9. Forgetting to actually consume the stream

What do you think the following stream does? 

IntStream.range(1, 5)
         .peek(System.out::println)
         .peek(i -> { 
              if (i == 5) 
                  throw new RuntimeException("bang");
          });
When you read this, you might think that it will print (1 2 3 4 5) and then throw an exception. But that’s not correct. It won’t do anything. The stream just sits there, never having been consumed. As with any fluent API or DSL, you might actually forget to call the “terminal” operation. This might be particularly true when you use peek(), as peek() is an aweful lot similar to forEach(). This can happen with jOOQ just the same, when you forget to call execute() or fetch(): 

DSL.using(configuration)
   .update(TABLE)
   .set(TABLE.COL1, 1)
   .set(TABLE.COL2, "abc")
   .where(TABLE.ID.eq(3));
Oops. No execute() jOOQ, the best way to write SQL in Java Yes, the “best” way – with 1-2 caveats ;-)

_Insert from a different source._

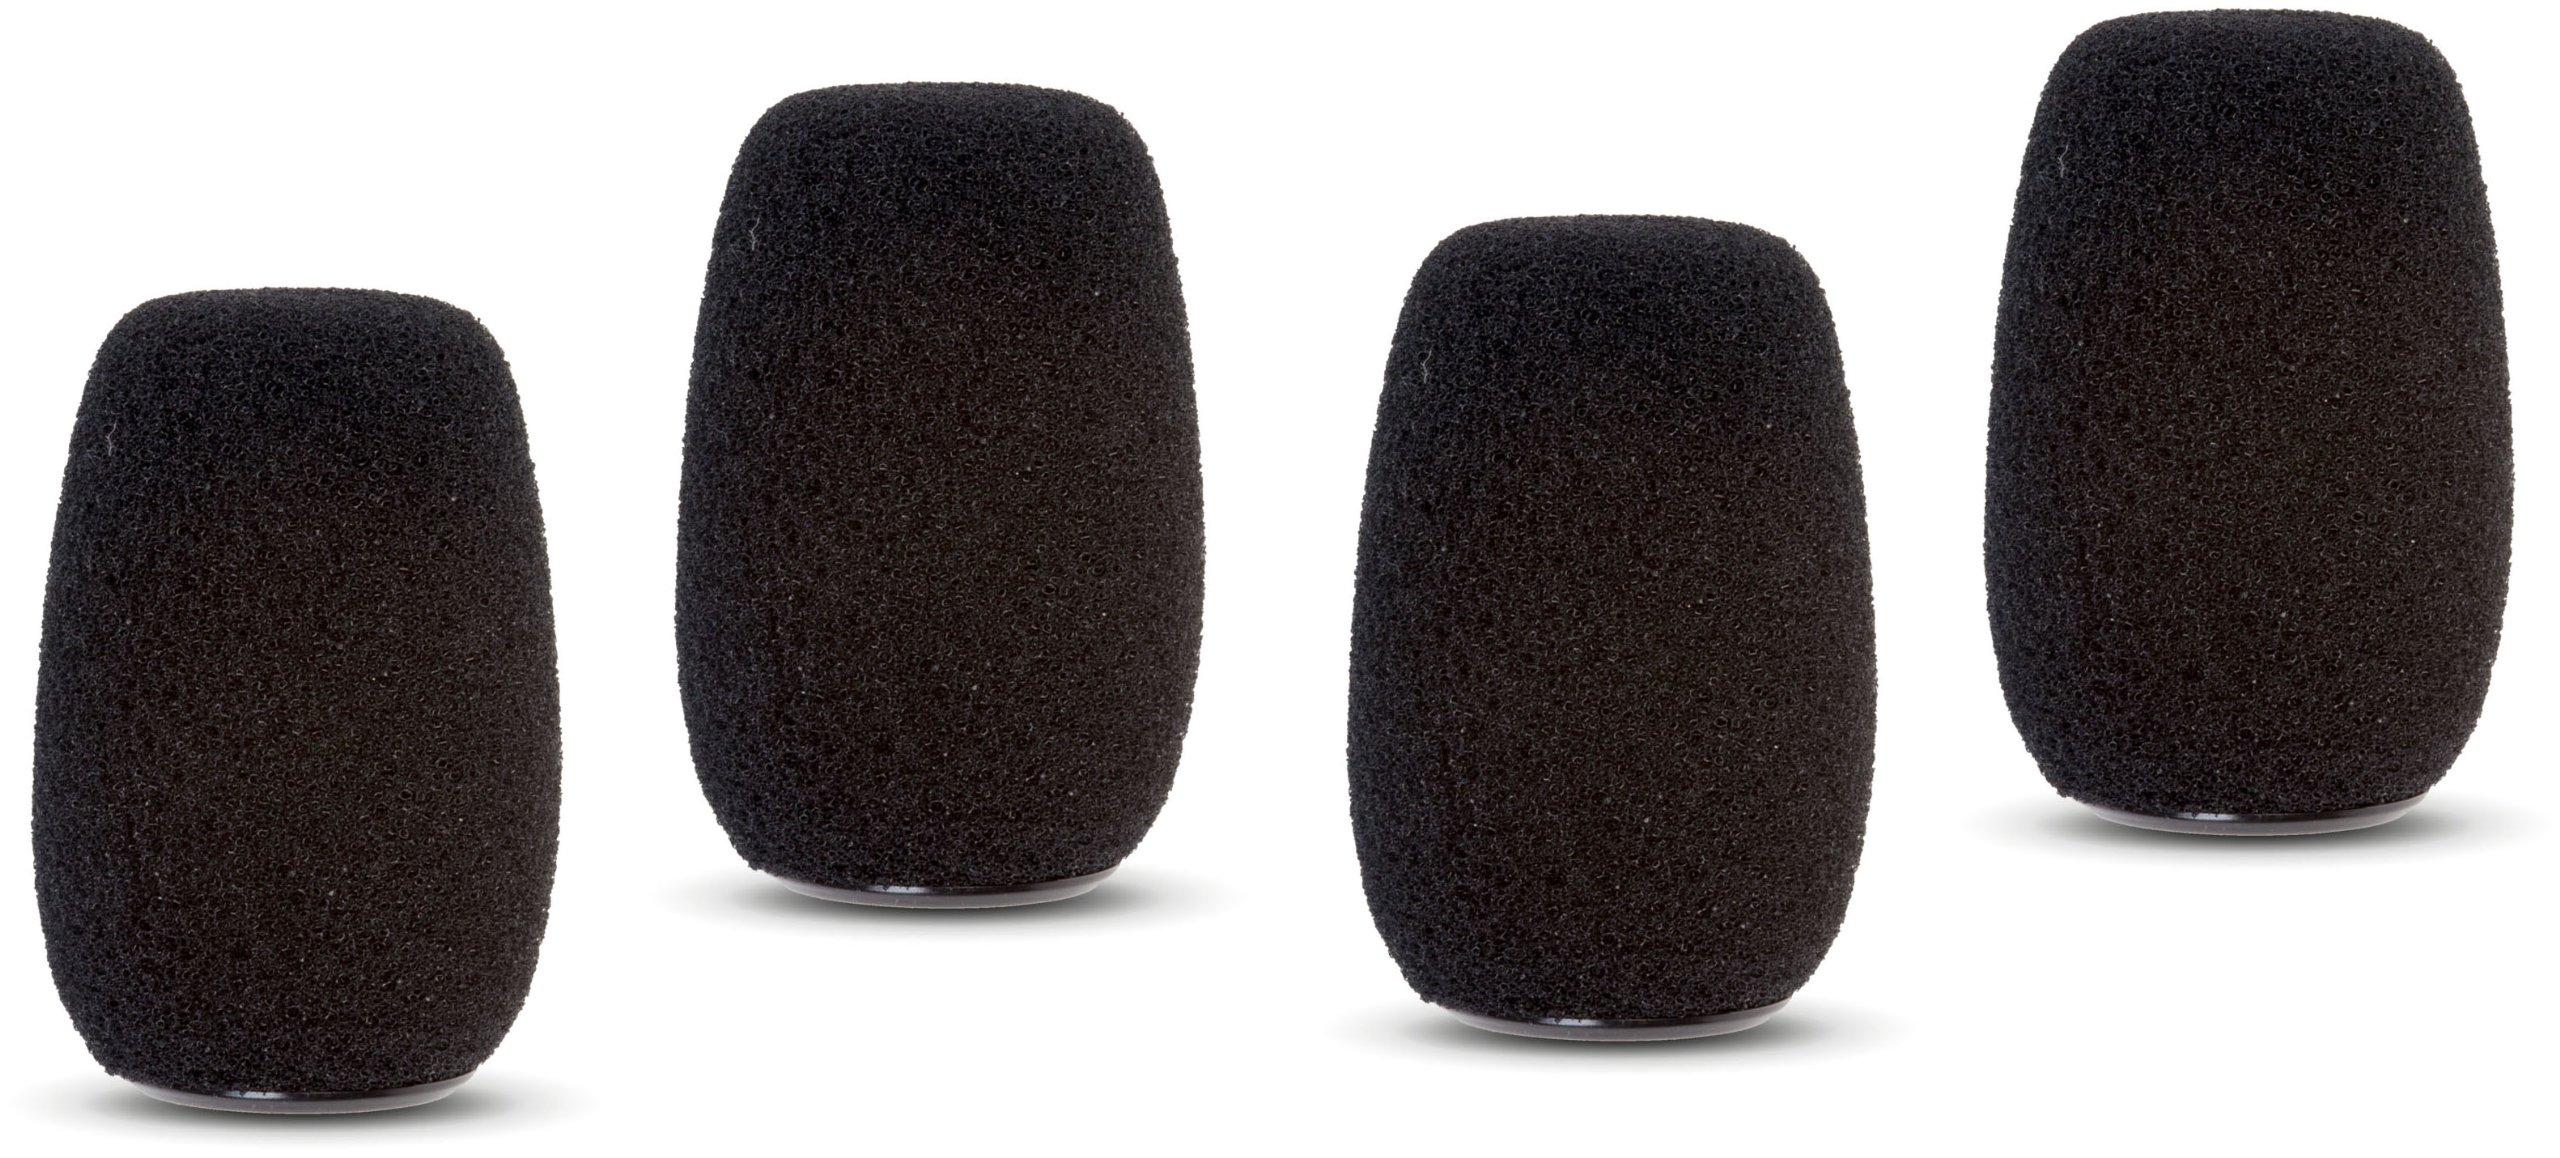 Shure ACVG4WS-B Black Foam Windscreen for Centraverse Gooseneck Condenser Microphones (Contains Four)
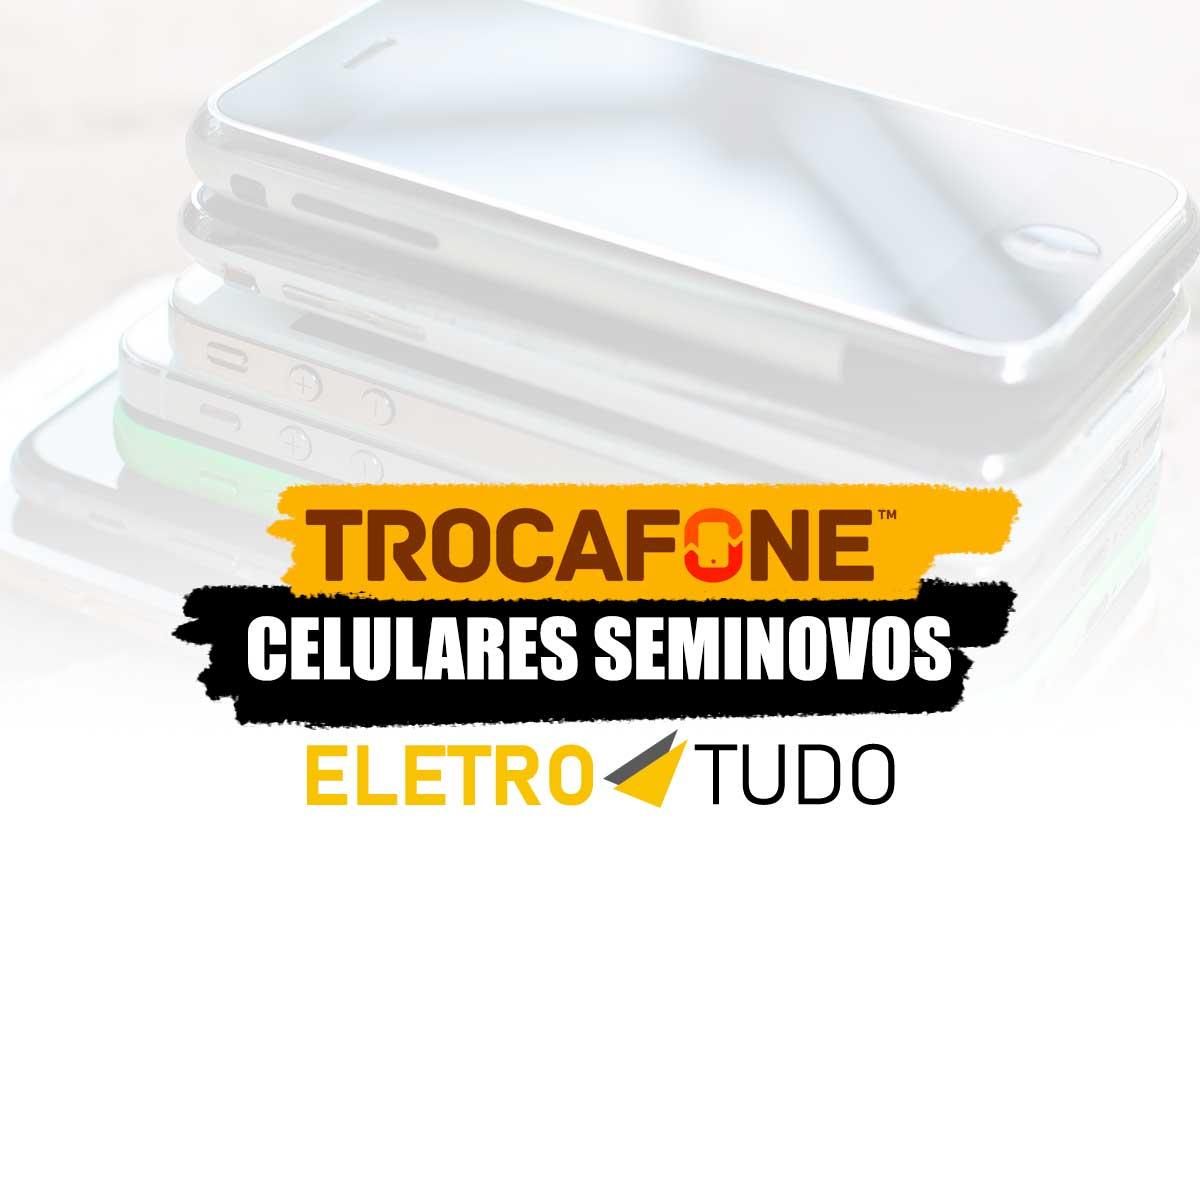 troca fone iphones seminovos

10. Parallel stream deadlock

This is now a real goodie for the end! All concurrent systems can run into deadlocks, if you don’t properly synchronise things. While finding a real-world example isn’t obvious, finding a forced example is. The following parallel() stream is guaranteed to run into a deadlock: 

Object[] locks = { new Object(), new Object() };

IntStream
    .range(1, 5)
    .parallel()
    .peek(Unchecked.intConsumer(i -> {
        synchronized (locks[i % locks.length]) {
            Thread.sleep(100);

            synchronized (locks[(i + 1) % locks.length]) {
                Thread.sleep(50);
            }
        }
    }))
    .forEach(System.out::println);
Note the use of Unchecked.intConsumer(), which transforms the functional IntConsumer interface into a org.jooq.lambda.fi.util.function.CheckedIntConsumer, which is allowed to throw checked exceptions. Well. Tough luck for your machine. Those threads will be blocked forever :-) The good news is, it has never been easier to produce a schoolbook example of a deadlock in Java! For more details, see also Brian Goetz’s answer to this question on Stack Overflow.

Conclusion

With streams and functional thinking, we’ll run into a massive amount of new, subtle bugs. Few of these bugs can be prevented, except through practice and staying focused. You have to think about how to order your operations. You have to think about whether your streams may be infinite. Streams (and lambdas) are a very powerful tool. But a tool which we need to get a hang of, first. Stay tuned for more exciting Java 8 articles on this blog.

Published by lukaseder

I made jOOQ

28 thoughts on “Java 8 Friday: 10 Subtle Mistakes When Using the Streams API

  1. Nice post. No real great mystery, though, on the parallel behavior on #8. ArrayList operations are simply not thread safe. This is documented. If you replace ArrayList::new with Vector::new or () -> Collections.synchronizedList(new ArrayList()), or if you put your remove() call in a synchronized block, you get the expected behavior.

    Reply

    1. That seems correct at first, but I still get a ConcurrentModificationException with this:

      List<Integer> list = Collections.synchronizedList(
    IntStream.range(0, 10)
             .boxed()
             .collect(toCollection(ArrayList::new))
);

list.stream()
    .peek(list::remove)
    .forEach(System.out::println);

      At the same time, I just ran this again:

      List<Integer> list =
    IntStream.range(0, 10)
             .boxed()
             .collect(toCollection(ArrayList::new));

list.stream()
    .sorted()
    .parallel()
    .peek(list::remove)
    .forEach(System.out::println);

System.out.println(list);

      … and I got this result:

      2
8
5
6
7
9
4
3
0
1
[5, 8, 9, 9]

      No ConcurrentModificationException, yet the list::remove seems to have duplicated a value! This does seem a bit mysterious, and I think it doesn’t strictly have anything to do with thread safety, but really with the fact that modifying the backing collection of a stream from within the stream pipeline is a bad idea in general

      Reply

      1. I don’t think ArrayList will throw a ConcurrentModificationException at all; it just doesn’t check for that for remove(). The duplicated value is probably just because two threads are trying to decrement size at the same time, and one failed. (well, obviously, four failed in total).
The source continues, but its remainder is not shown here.